The collection of radar installations, instrumentation, and test support facilities at the Reagan test site is unmatched. Its geographical location also makes it valuable for U.S. security. The vast coral ring of Kwajalein is part of the Republic of the Marshall Islands, which lies just west of the International Date Line between the Philippines and Hawaii. It’s the only place in the world from which the United States can test its ability to intercept long-range missiles, due to the extended flight distances required.

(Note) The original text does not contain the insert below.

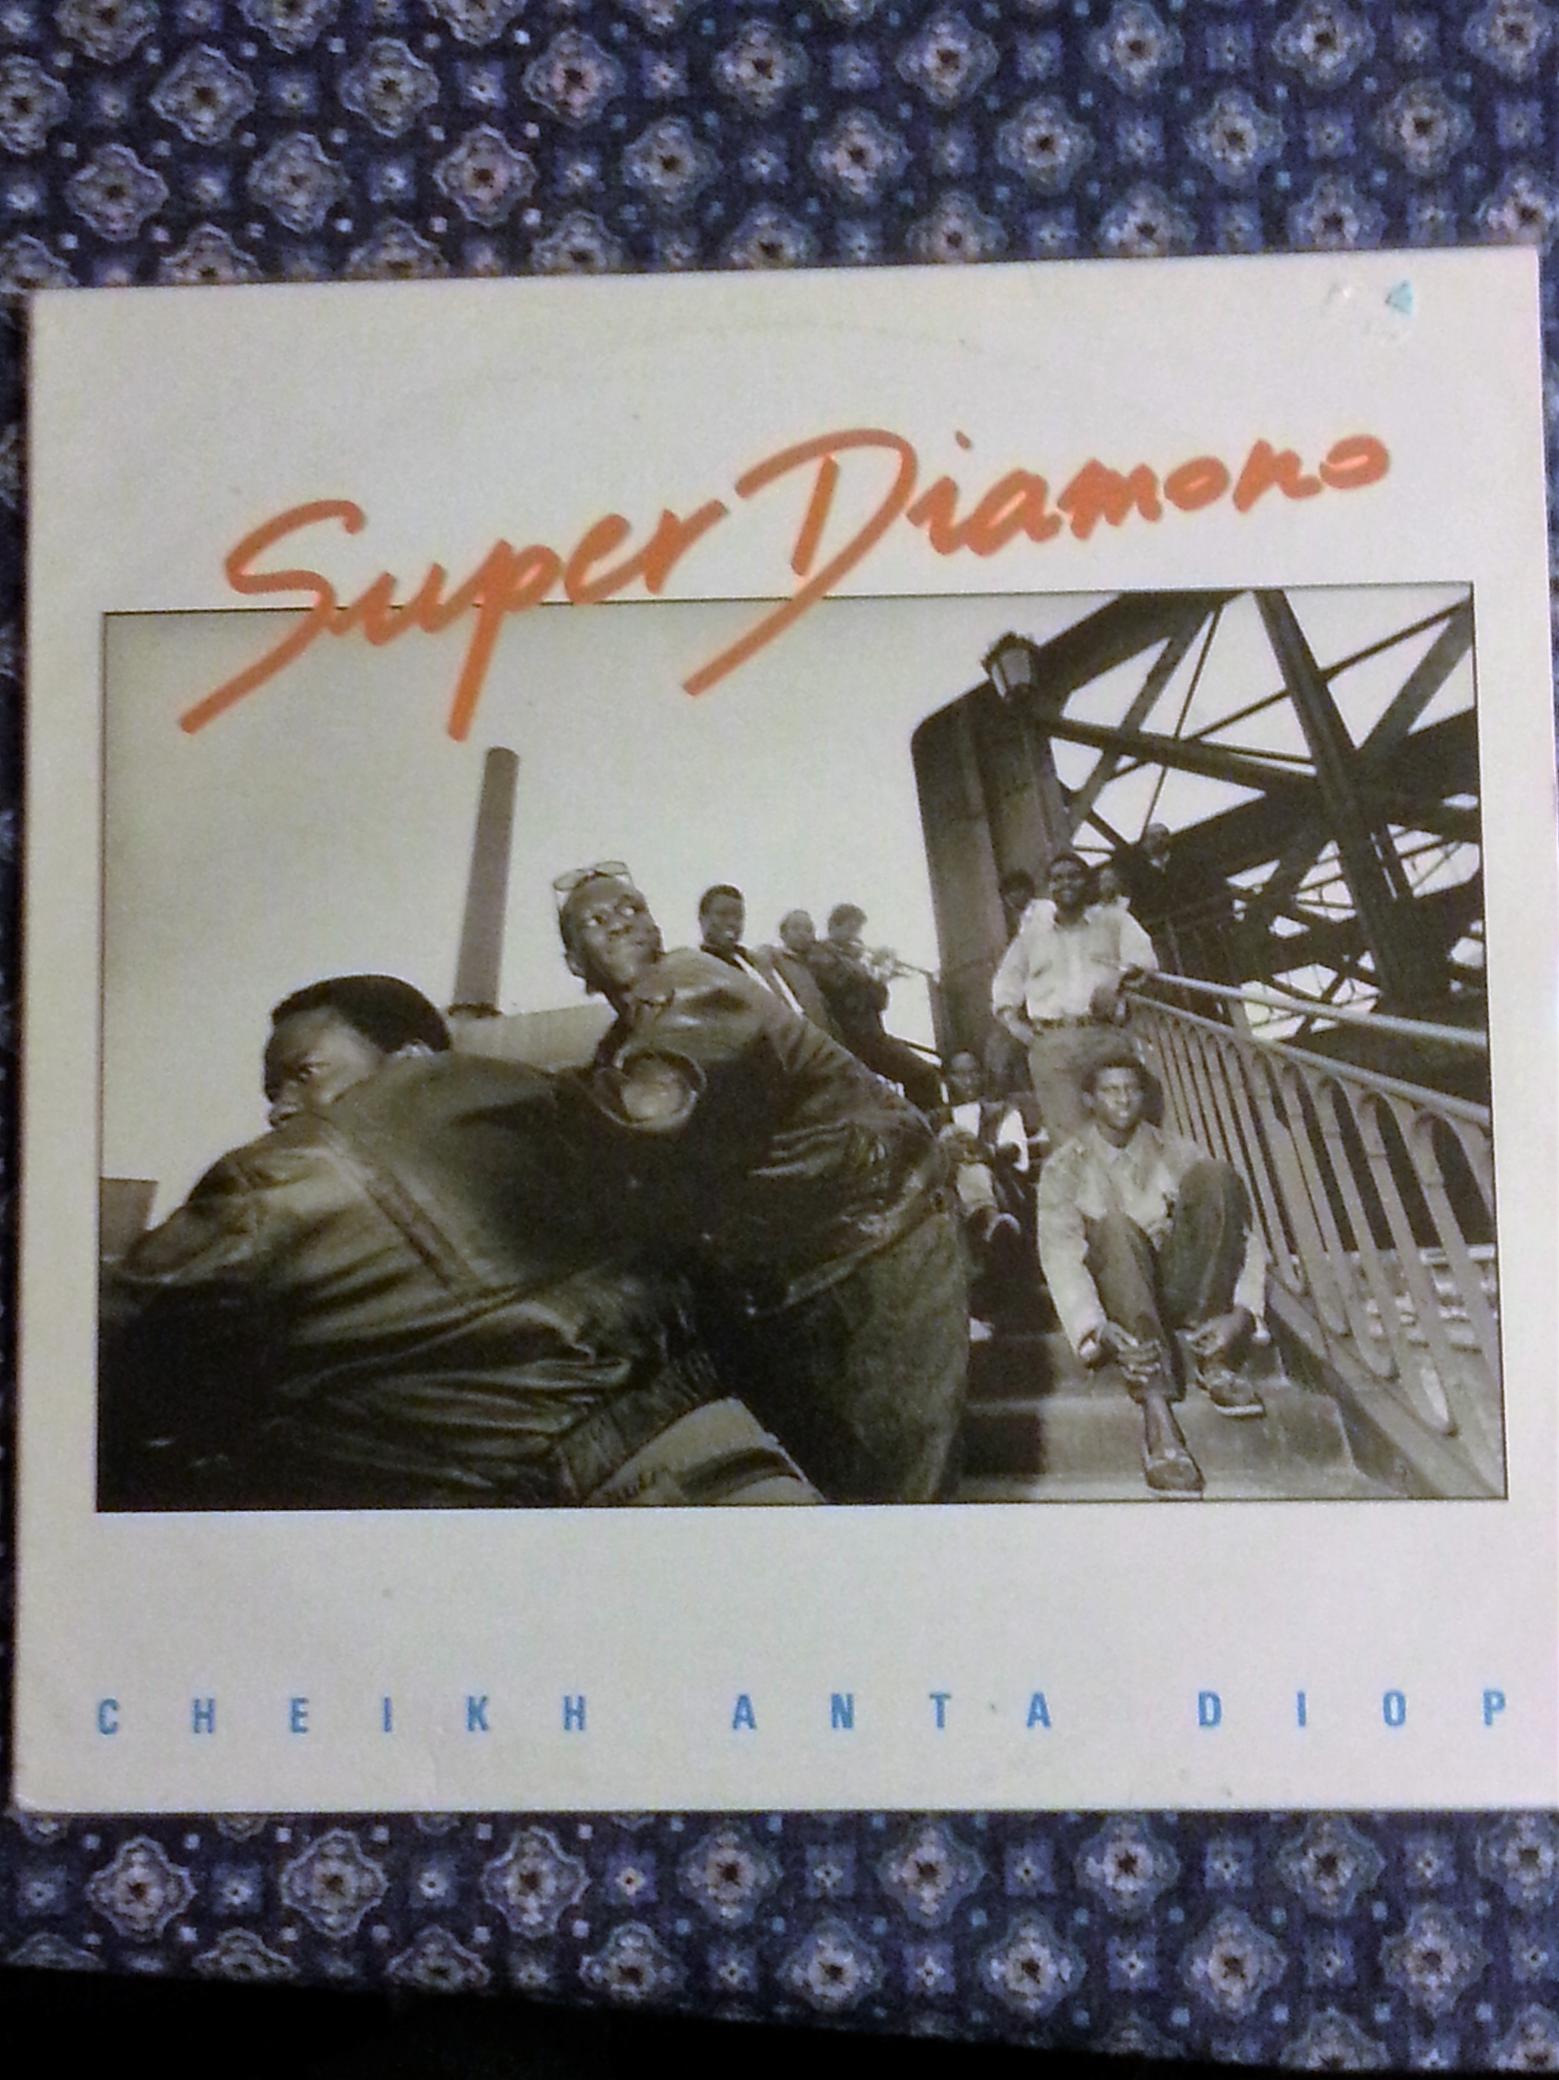 SUPER DIAMONO

 On March 12, 2003, for example, an ICBM Peacekeeper with eight unarmed reentry vehicles was launched from Vandenberg Air Force Base in California. It took the missile about 24 minutes to travel 8,000 kilometers and reach its target—the center of Kwajalein’s lagoon. It was successfully pinpointed and tracked all the way to the target by Mission Control on the atoll. All of Kwajalein’s state-of-the-art radar systems, optical systems, and telemetry assets were dedicated to this near-perfect mission.

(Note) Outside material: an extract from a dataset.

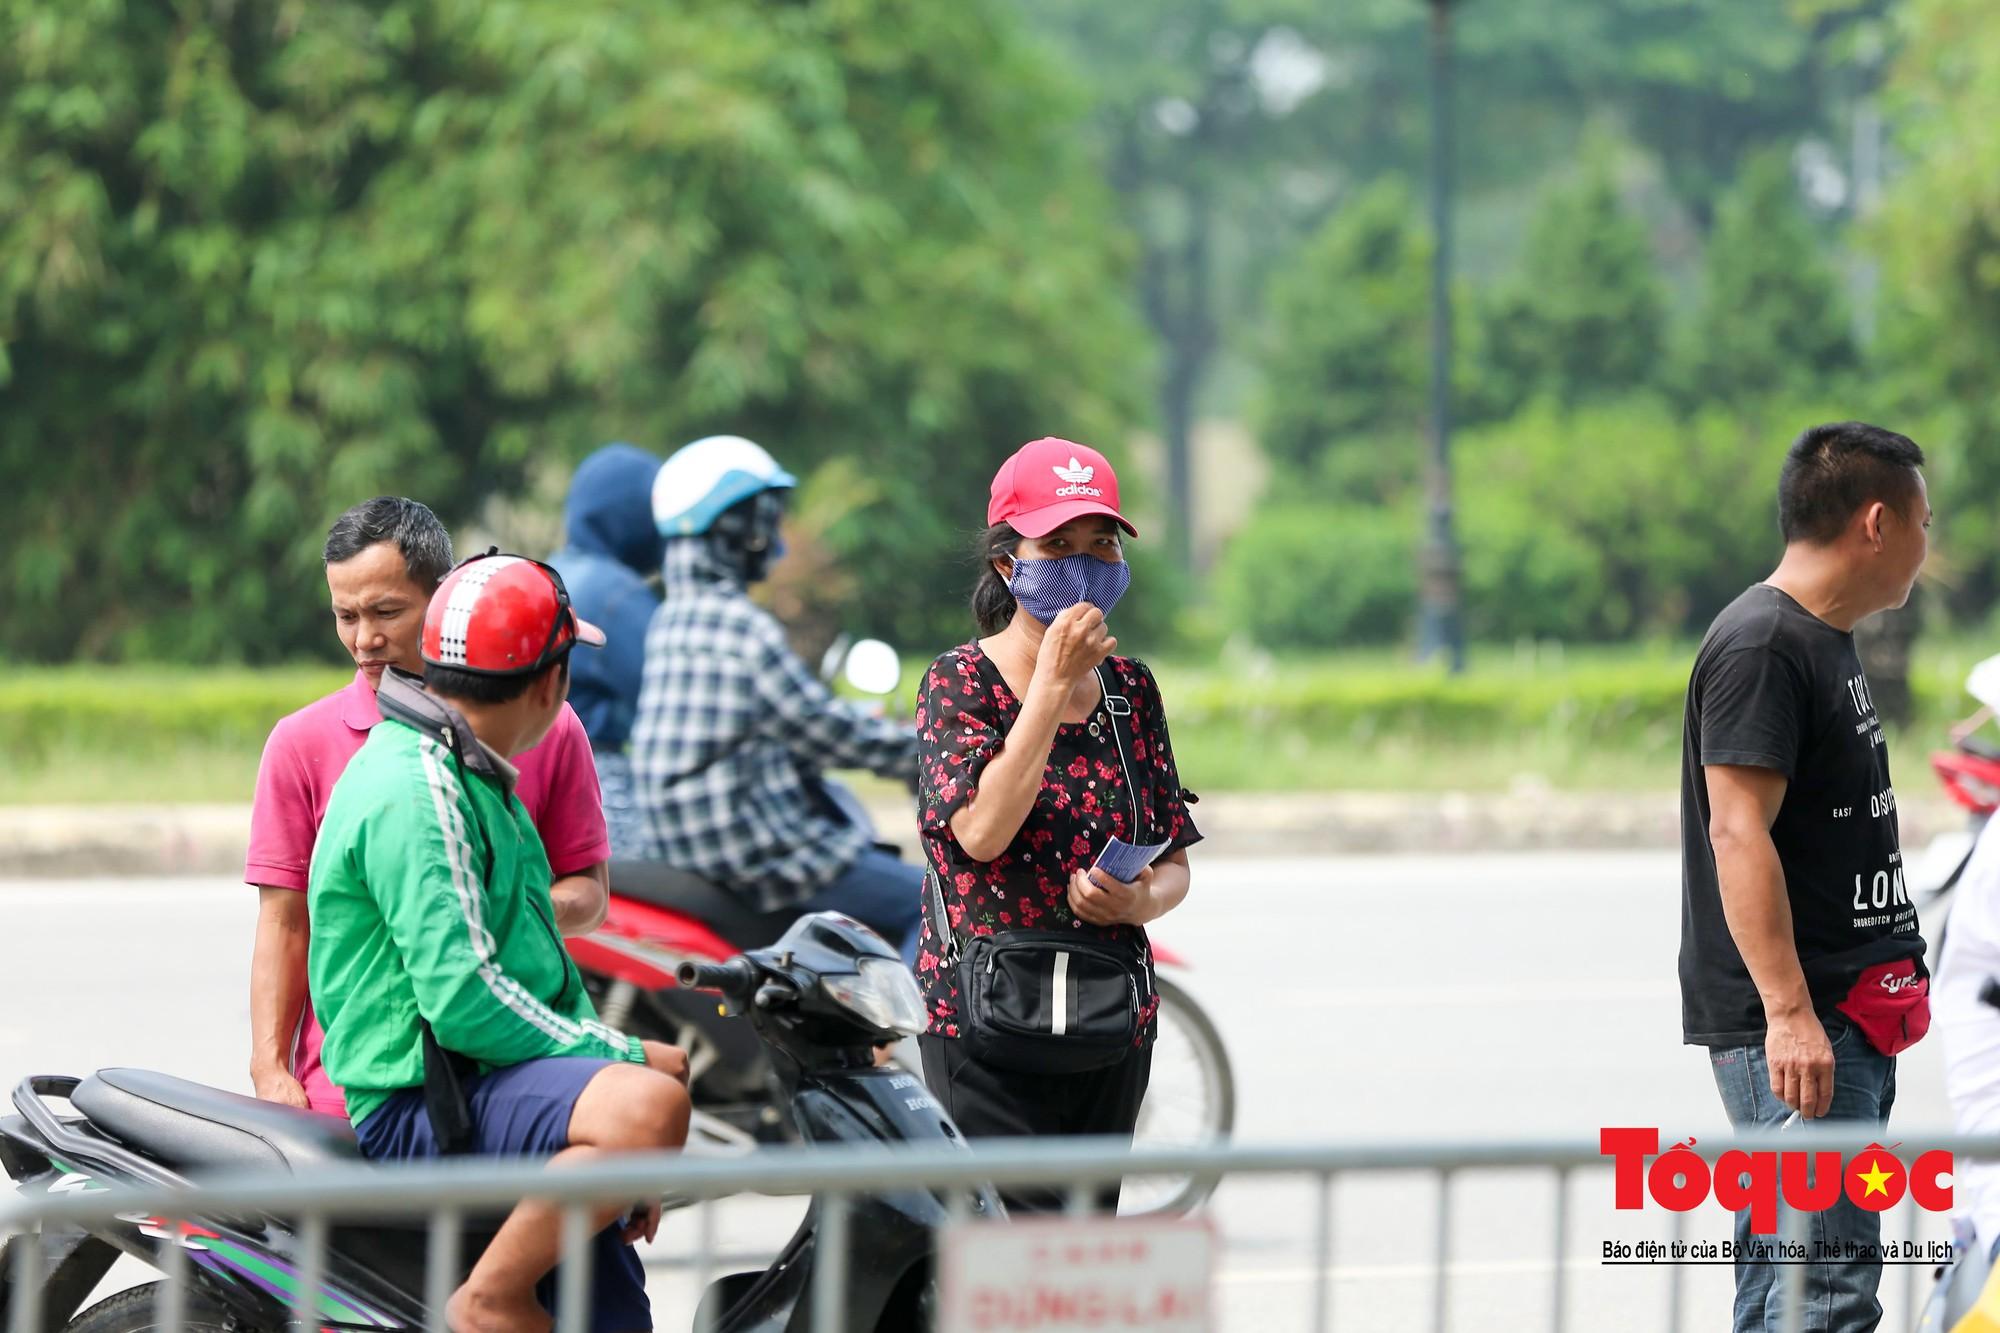 Vé trận Việt Nam - Malaysia: Giá vé chợ đen tung tăng nhảy múa8

“A test like that is every bit as complex as a NASA space shot,” says Tom Smith, vice president of Kwajalein Range Services and head of Mission Control. Smith worked for Lockheed Martin for more than 26 years, including a decade designing many of the radar installations at Kwajalein.

The Reagan test site has a 100 percent rate of success in intercepting test missiles. During a test, vector and meteorological information is gathered from sea, air, and mobile radar sensors positioned throughout the atoll. The numbers are shared in real time via an encrypted, submarine fiber-optic network and analyzed at Mission Control. The data is later distributed to other U.S. test sites and simulation centers within the Air Force and Missile Defense Agency via satellite.

A recently completed modernization program will make data collection, analysis, and dissemination more efficient and less expensive. “Ultimately, our success will be measured in the quality of the data gathered,” says Smith. Simply put, good data will help improve the nation’s missile defenses and reduce the cost of defense programs.

To provide the military services with that wealth of data, KRS must create a comfortable life for those who gather and analyze it. There are 2,500 permanent residents of Kwajalein, including 1,200 KRS employees and more than 800 dependents. KRS also has offices in Hawaii, California, Massachusetts, and Alabama to provide logistical and technical planning support to island operations. The community at Kwajalein comprises a mixture of U.S. civilians, Department of Defense and Army personnel, and Marshallese citizens. When a big mission comes up, KRS moves 400 additional people to the island temporarily.


KRS has taken over every aspect of the atoll’s infrastructure, including procurement and supply, utilities, recreation, retail, post office, hospital, school system, marine operations, and air transportation. Bechtel’s experience managing infrastructure and logistics was one of the major reasons that KRS won the contract.

Norm Black, the project’s environmental, safety, and health manager, says, “One of our greater challenges is instilling in an internationally and culturally diverse workforce the Bechtel philosophy of ‘zero accidents.’”

Improving recruitment and retention will be one of KRS’s major goals going forward. The atoll is isolated, which has made staff turnover a challenge in the past. But for the right person, Kwajalein provides a lifestyle that can’t be found anywhere else. “A traffic jam is three bicycles at a stop sign,” says Spencer. The absence of U.S. federal income tax and the low cost of living also help draw talented people from the U.S. mainland. There aren’t many places where an employee can combine an island lifestyle and a family-friendly community with the energy of a big-city job, 21st century technology—and the best engineers and scientists in the industry.